🤖 AI Summary
To address the challenge of real-time language instruction understanding and precise target localization by mobile robots in unknown environments, this paper proposes a vision-language navigation method tailored for unknown settings. The core innovation is a heuristic vision-language (HVL) spatial reasoning mechanism, which jointly performs pixel-level cross-modal feature alignment and exploration-guided heuristic path planning—thereby overcoming the limitations of single-frame image matching. The system deploys a lightweight vision-language encoder and a real-time inference framework on the Jetson Orin NX platform. Evaluated across indoor and outdoor multi-scale complex scenes, it achieves an 86.3% task success rate—44.15% higher than the state-of-the-art—and sustains a 30 Hz inference frequency.
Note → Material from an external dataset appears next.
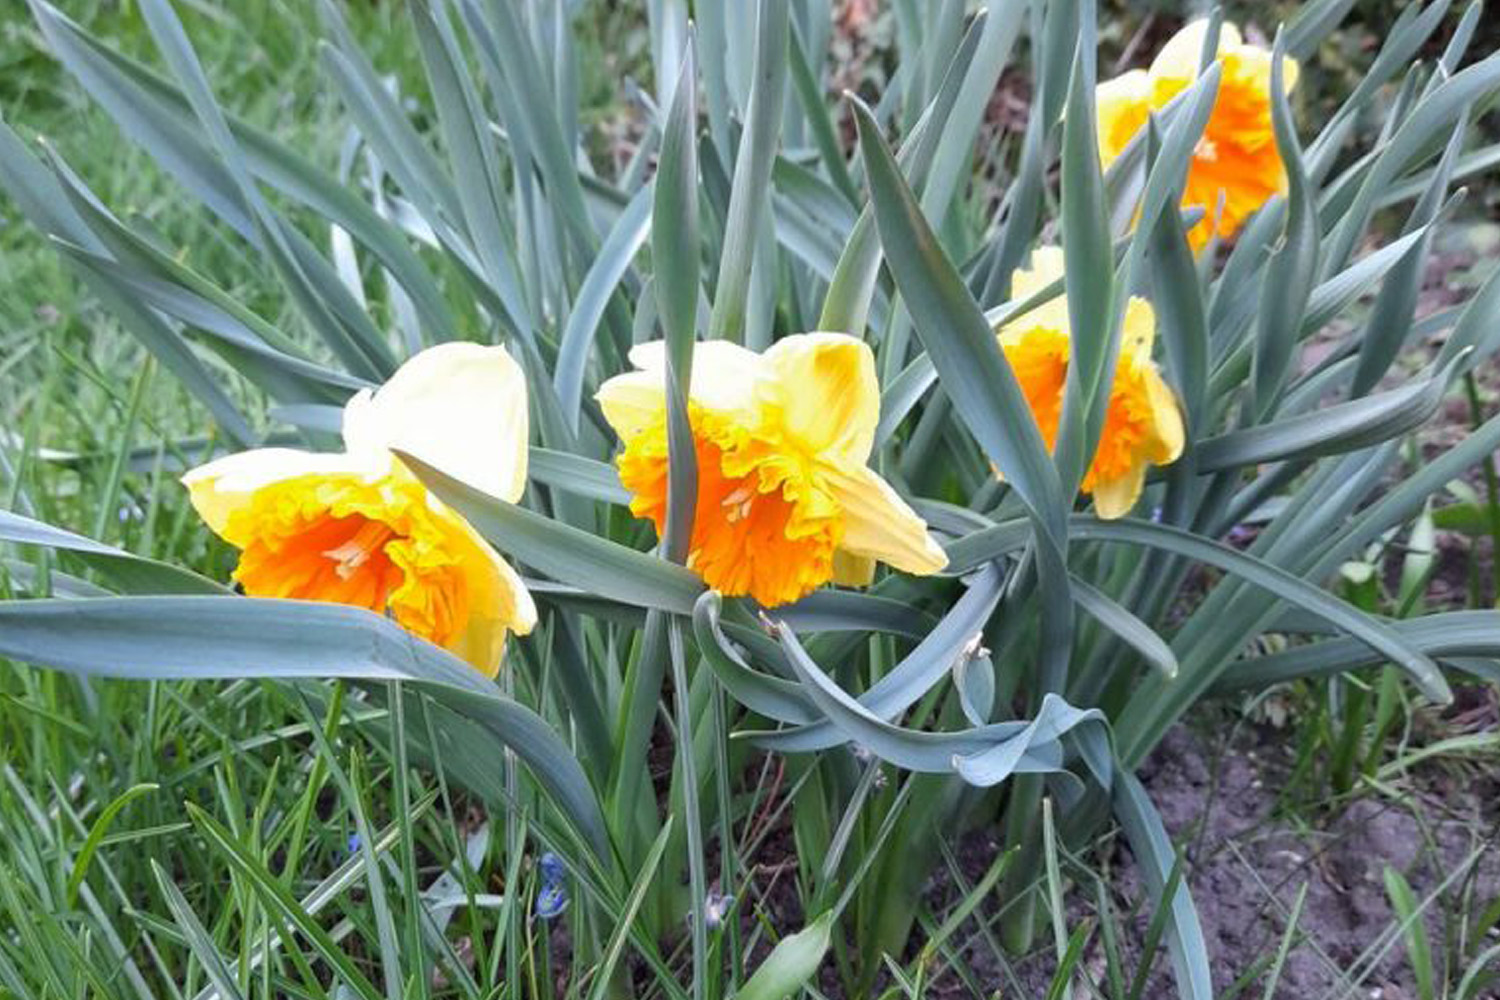 Narcyz - ulubiony kwiat wczesnej wiosny

This significantly enhances both the real-time performance and robustness of semantic navigation in open, unstructured environments.
📝 Abstract
Vision-language navigation in unknown environments is crucial for mobile robots. In scenarios such as household assistance and rescue, mobile robots need to understand a human command, such as"find a person wearing black". We present a novel vision-language navigation (VL-Nav) system that integrates efficient spatial reasoning on low-power robots. Unlike prior methods that rely on a single image-level feature similarity to guide a robot, we introduce the heuristic-vision-language (HVL) spatial reasoning for goal point selection. It combines pixel-wise vision-language features and heuristic exploration to enable efficient navigation to human-instructed instances in various environments robustly. We deploy VL-Nav on a four-wheel mobile robot and conduct comprehensive navigation tasks in various environments of different scales and semantic complexities, indoors and outdoors. Remarkably, VL-Nav operates at a real-time frequency of 30 Hz with a Jetson Orin NX, highlighting its ability to conduct efficient vision-language navigation. Experimental results show that VL-Nav achieves an overall success rate of 86.3%, outperforming previous methods by 44.15%.